A short antisense oligonucleotide ameliorates symptoms of severe mouse models of spinal muscular atrophy.

Author information

1
1] Department of Pediatrics, Feinberg School of Medicine, Northwestern University, Illinois, Chicago, Illinois, USA [2] Human Molecular Genetics Program, Stanley Manne Children's Research Institute at Ann & Robert H. Lurie Children's Hospital, Chicago, Illinois, USA.
2
Department of Biomedical Sciences, Iowa State University, Ames, Iowa, USA.

Abstract

Recent reports underscore the unparalleled potential of antisense-oligonucleotide (ASO)-based approaches to ameliorate various pathological conditions. However, in vivo studies validating the effectiveness of a short ASO (<10-mer) in the context of a human disease have not been performed. One disease with proven amenability to ASO-based therapy is spinal muscular atrophy (SMA).

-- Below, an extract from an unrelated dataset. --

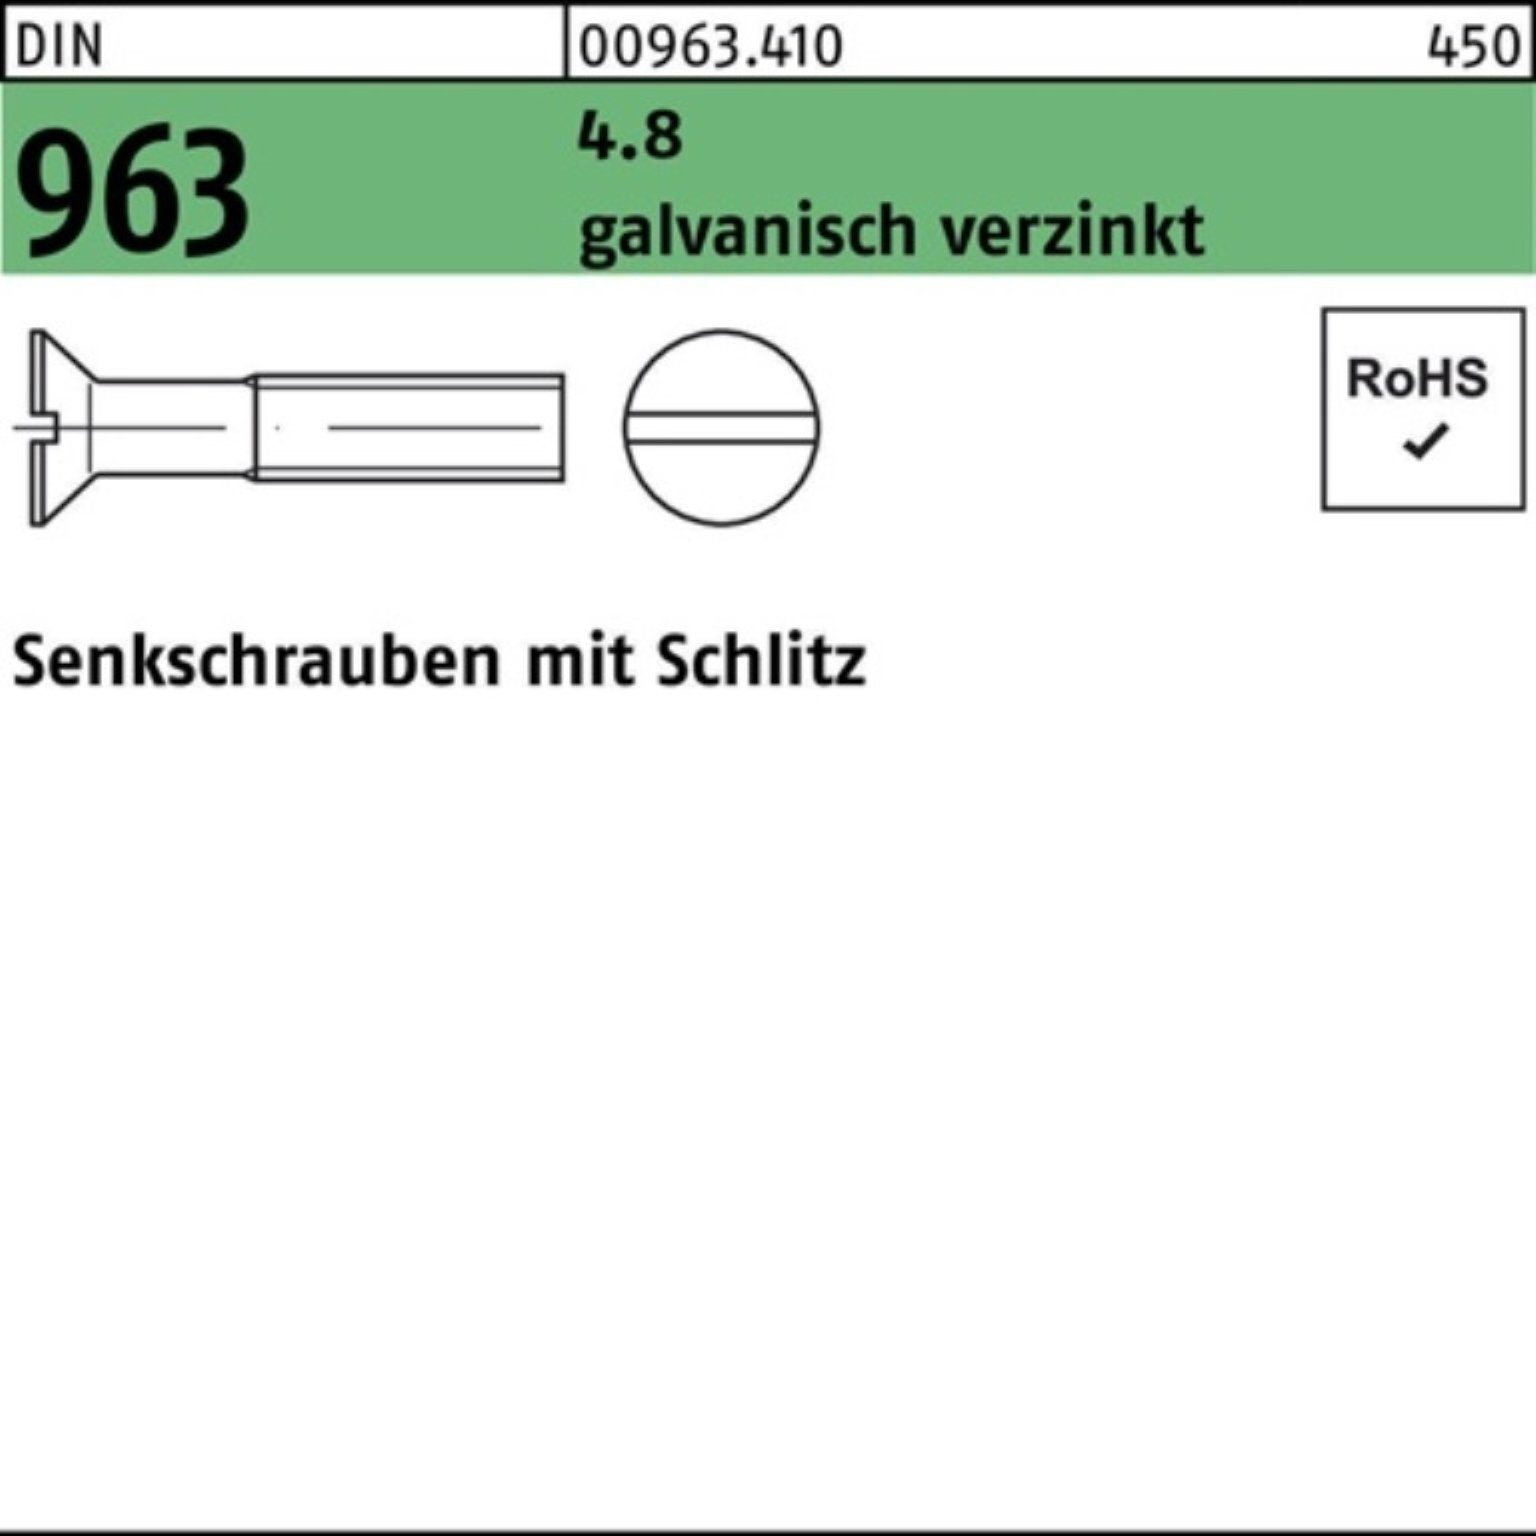 M3x Reyher 4.8 Pack 25 DIN St galv.verz. 963 2000 Senkschraube 2000er Senkschraube Schlitz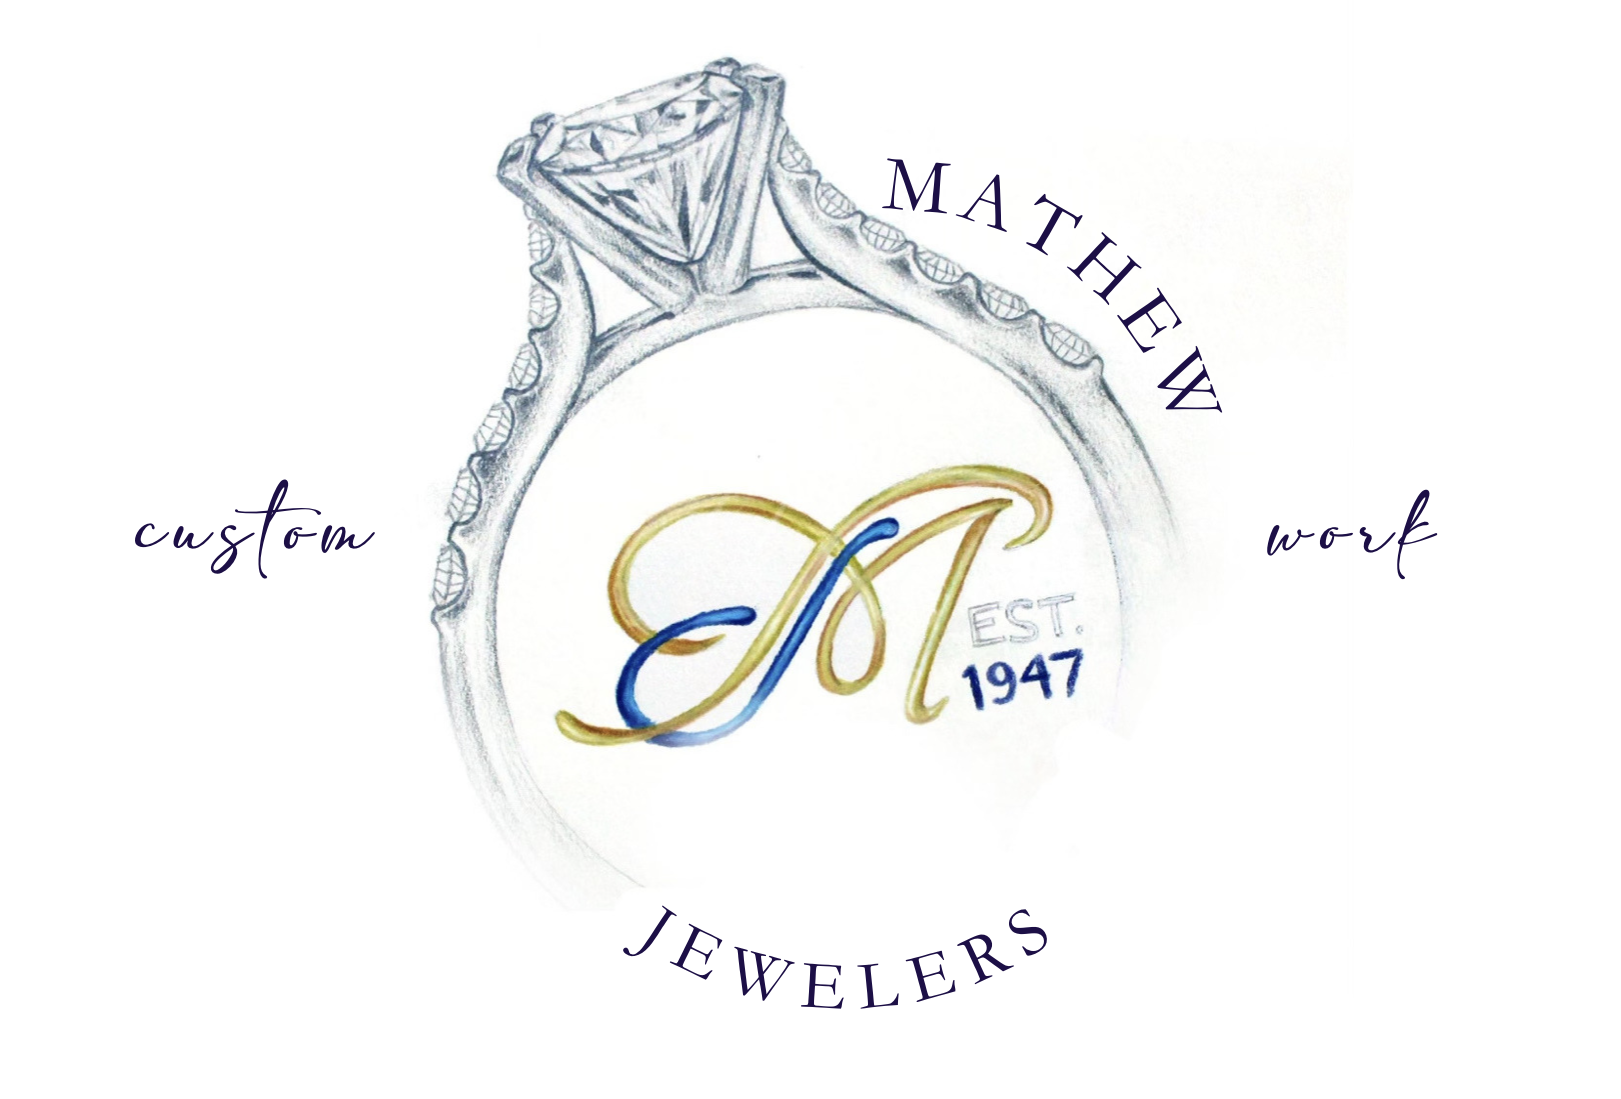 Mathew Jewelers, Inc. Zelienople, PA

SMA is a neuromuscular disease caused by loss-of-function mutations in the survival motor neuron 1 (SMN1) gene. Correction of aberrant splicing of the remaining paralog, SMN2, can rescue mouse models of SMA. Here, we report the therapeutic efficacy of an 8-mer ASO (3UP8i) in two severe models of SMA. While 3UP8i modestly improved survival and function in the more severe Taiwanese SMA model, it dramatically increased survival, improved neuromuscular junction pathology, and tempered cardiac deficits in a new, less severe model of SMA. Our results expand the repertoire of ASO-based compounds for SMA therapy, and for the first time, demonstrate the in vivo efficacy of a short ASO in the context of a human disease.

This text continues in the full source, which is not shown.